Friday, March 12, 2010

Ray Charles: Generations Blindness to One Man's Insults

If life was like a game of Family Feud and Ray Charles was the topic the answers would likely look like this. 2) Piano 3) Sunglasses 4) Jamie Foxx Bio-Pic 5) Musical pioneer. Number one would likely be cute little old blind man, unless of course everyone in the survey pool was like me, than survey would likely say “antagonizer”. For those of you who have seen the movie Ray, this likely isn’t all that far-fetched as you already knew of Ray’s checkered past such as his Heroin addiction. But for the benefit of those who still view Ray as an innocent old man allow me to explain.

As much as Ray is known for his “banging and swaying” style on the piano today, early on in his career he was known for something entirely different; disrespecting the Church. When I first learned of this shocking de velopment it made sense, perhaps Ray was bitter and saw this as an attack on God for leaving him blind. However I was wrong, as Ray was not born blind but, was rather blinded because of an eye infection from contaminated water that was left untreated. So it is unlikely that Ray had any qualms with God. No, Ray simply loved pushing the envelope.
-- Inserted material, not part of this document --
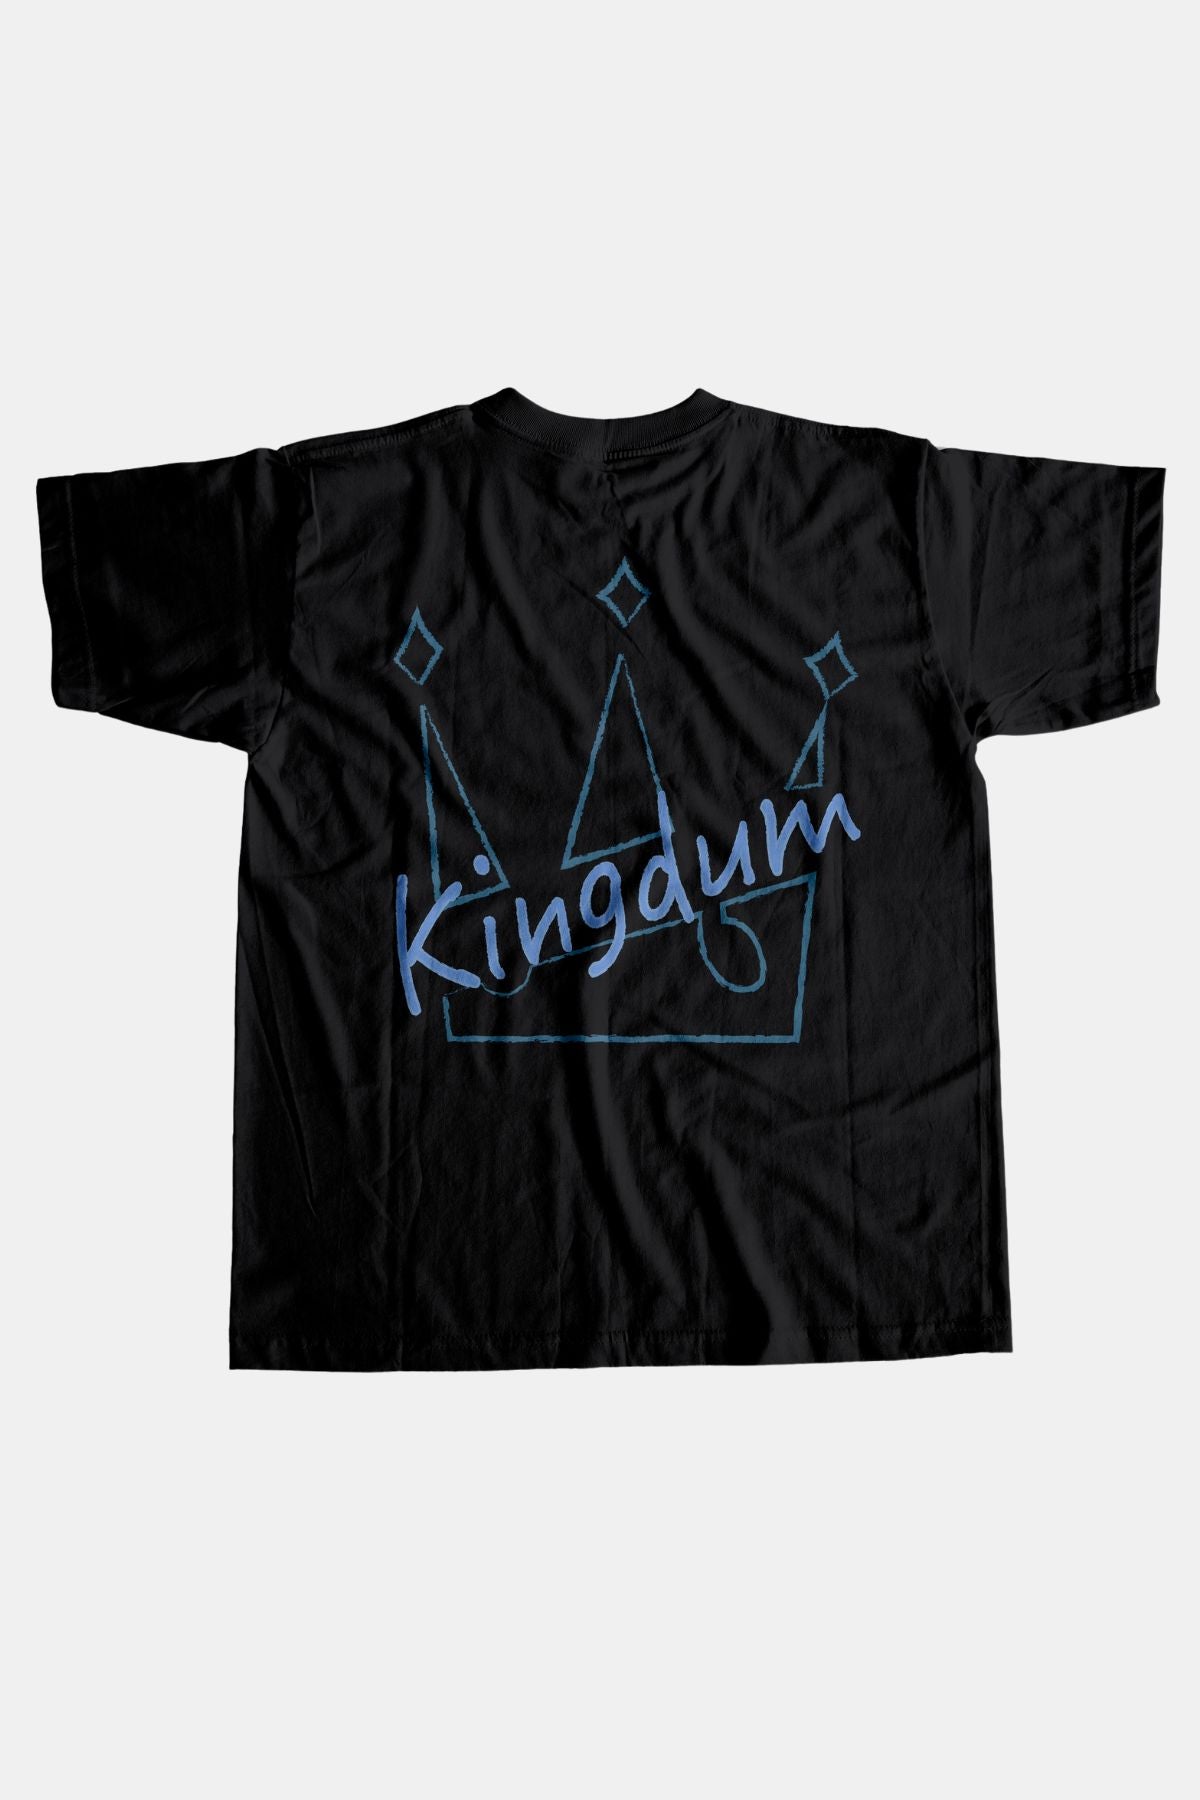 Sketched Out Crown T-shirt (Black)

Ray , unlike modern day trouble makers, who merely spew out offensive SoundBits in order to gain free publicity. Ray was talented and his talent gained him all the attention he wanted, he caused controversy, because he legitimately enjoyed doing so. Even more impressive, Charles didn’t have to just say offensive things, he actually worked them into the structure of his music, thus killing two birds with one stone.
Example 1) “This Little Girl of Mine”: In this piece Ray strips the famous gospel hymn “This Little Light of Mine”. Normally this song tells a story of one who finds faith in God and decides to share this new found faith with the world. Doing so by shining the light of God on them in hopes they too will see the light. Ray however makes it a tale of a man whose found a woman who “loves him even when he’s bad”, calls him up late at night for dates (booty calls) and stops traffic with her scantily clad body.

Example 2) “What’d I Say Part 2”: Although this song isn’t based on any particular hymn, it is once again an example of Ray taking the gospel hymn style and secularizing it. Unlike Ray’s other songs, this song was not preplanned, but rather was born out of Ray’s need to fill the last few minutes of a live set. To do so Ray and The Raelettes improvised using the call and response method often employed by African-American churches. Except, rather than cries of “Praise Jesus” followed by howls of “hallelujah” or “amen”, there was the moans and very sexual groans of Ray and the Raelettes. This isn’t just the opinion of one eccentric write either, on the subject of this song Ray had this to say. “I'm not one to interpret my own songs, but if you can't figure out 'What I Say', then something's wrong. Either that, or you're not accustomed to the sweet sounds of love.” Fans agreed as part 2 was boycotted nationwide, while part 1 was played even on white radio stations (controversy creates cash). Eventually, this became Ray’s first album to go gold (sex sells). Lyrics starts around the 1:35, while the 2:00 features one of the first instances of an artist talking about a women shaking her ass and part 2 starts around 4:30, but feel free to listen to the whole thing, because it’s great.

3) “I’ve Got a Woman”: This song once again utilizes both the beat and lyrics of a famous gospel hymn, this time drawing from “It Must Be Jesus” and “My Jesus is All the World to Me”. The initial hymn was about how Jesus is the center of our lives and how he gives us the strength to do all things. Charles’ version however spoke of a sugar momma, who not only provided Ray with money to do nothing all day, but also provided him with “lovin’” both day and night. Furthermore, mainly will recognize the style as a model for Kayne Weste song “Gold-digger” , which ironically deals with the reverse topic. Although Kayne is often chastised as a scum-bag extraordinaire, in this instance he did the right thing and gave Ray posthumous credit for writing the song (although this may have just been at the urging of his legal team).

Honorable Mention: “Let’s Go Get Stoned”: Deals with Ray’s recent stint in rehab and the lure drugs still possess.
If I haven’t destroyed Ray’s pristine image yet, I leave you with this, according to Jerry Wexler who often worked with Ray, "We didn't know shit about making records, but we were having fun".1 Cheers to Ray and company for their complete lack of professionalism and ability to have fun at the expense of others. If only others would be willing to drop the overly PC (politically correct) attitude our society has developed and live for themselves.